The current providers, a.k.a. "The Bigs" are not oriented to provide Web 2.0 tech support.
This is either an opportunity to get new business before The Bigs or to create a business of showing them the way. In any case it is an opportunity to make money. More specifically, it is a way for Web 2.0 technologies to make money. In the government services space the biz-speak is generally referred to as "priming" and "subbing," as in: you are either a prime contractor or a subcontractor. I don't see many Web 2.0 companies subcontracting to big, traditional system integrators, though.
The government is not set up to acquire Web 2.0 technologies.
While services contracts are fairly common and understood, things are less well-defined in the products and solutions space unless the products and solutions are ubiquitous or otherwise extremely well known. Government, especially federal, wants to buy everything in bulk. See also: Indefinite Delivery, Indefinite Quantity (
IDIQ). New technology is extraordinarily difficult to insert, especially in secure environments. Protocol, procedure, and process rule the land. Force-fitting into an existing model is too often the preferred method.
We are getting better at defining and avoiding undue process but process, by definition, is: 1) necessary and 2) inherently situational.
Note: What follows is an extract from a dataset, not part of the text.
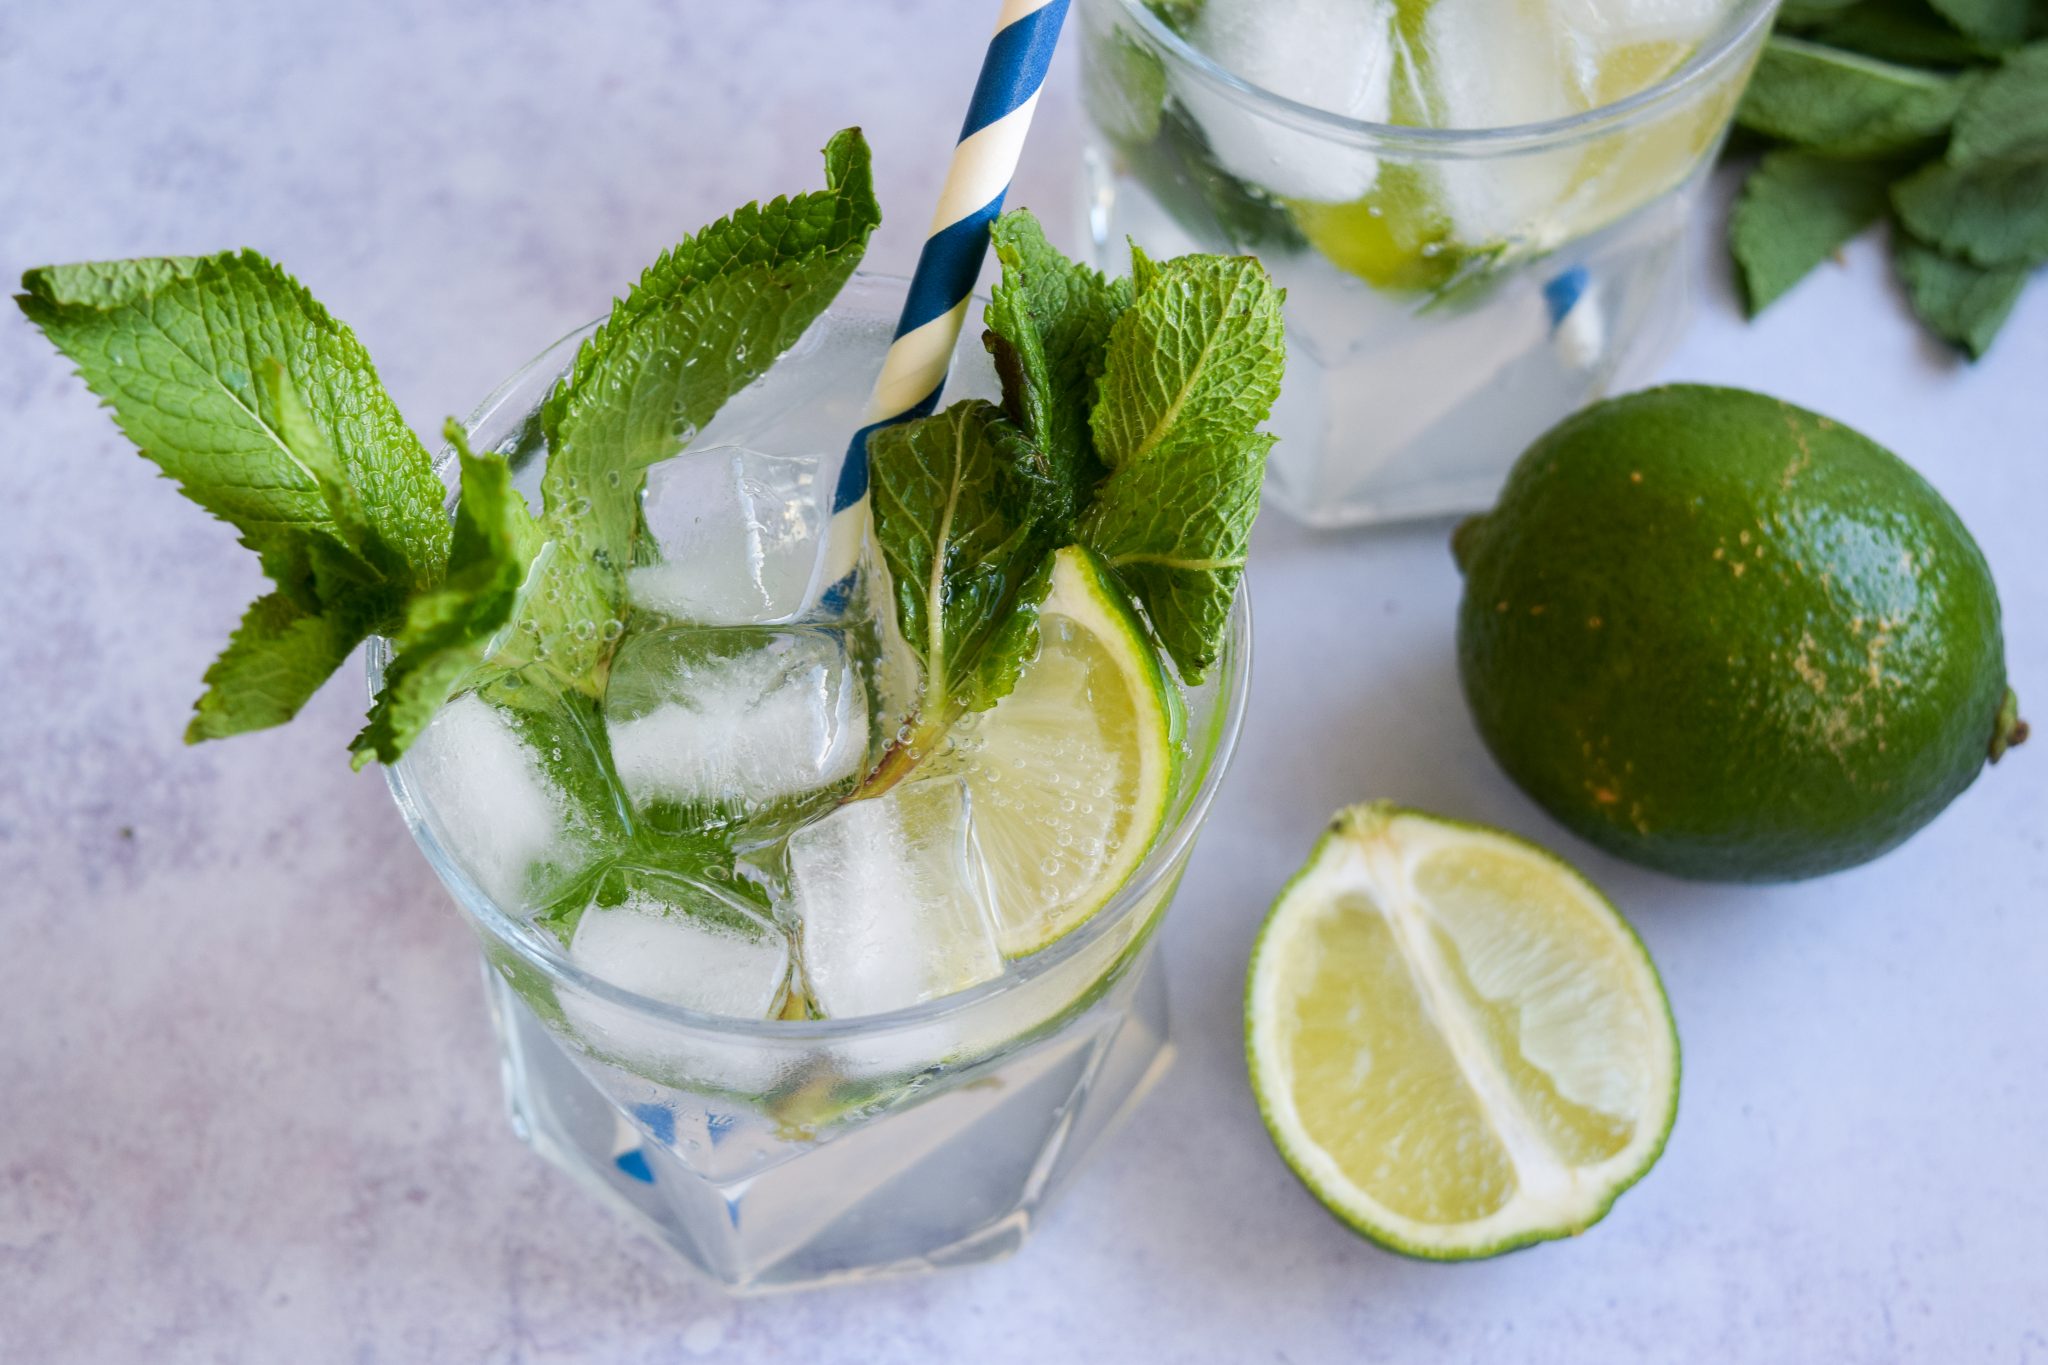 Naturally Sweetened Mint Mojito Recipe - Lexi's Clean Kitchen

When doing business with the federal government, it's important to know how business is done inside The Beltway. There are most probably things in the mix that need to be undone, too. To a meaningful extent the situation is not different at state, tribal, and local levels. Education is needed on both sides of the buyer/seller relationship. We might "change the world" in the process of implementing Web 2.0 for government, but requisite is the obligation to have a fair understanding of "the world" first. The obligation goes both ways but mostly falls on the shoulders of sellers.
Choices for Web 2.0 companies to make money by doing business with government:
- Become or spin-off an enterprise systems integrations unit
- Sell enterprise systems solutions a) to government b) to system integrators (Note: probably can't sell solutions to government without either being an integrator or having the support of one.)
- Consult a) to government b) to system integrators on enterprise systems
Of course, "partner" is an option, but still implies one or more the previously listed options.
[Update 9:47 PM - I've decided I really don't like these choices at all. Need to come up with an altogether new business model, perhaps...probably]
There's so much more to this than I can wrap my head around now, certainly more than I am prepared or qualified to comment here.
[Update 9:47 PM - Forgot to comment on need for and evidence of government investment in backbone instracture and understanding of cloud architecture; significant issues arise once a bunch of these services are running around on a single network. And as always, security is different and harder.]
I think it's time Web 2.0 companies, government, and large-cap contracting companies had a grand introduction to one another. Believe it or not, there are plenty of people who have never even heard of Web 2.0.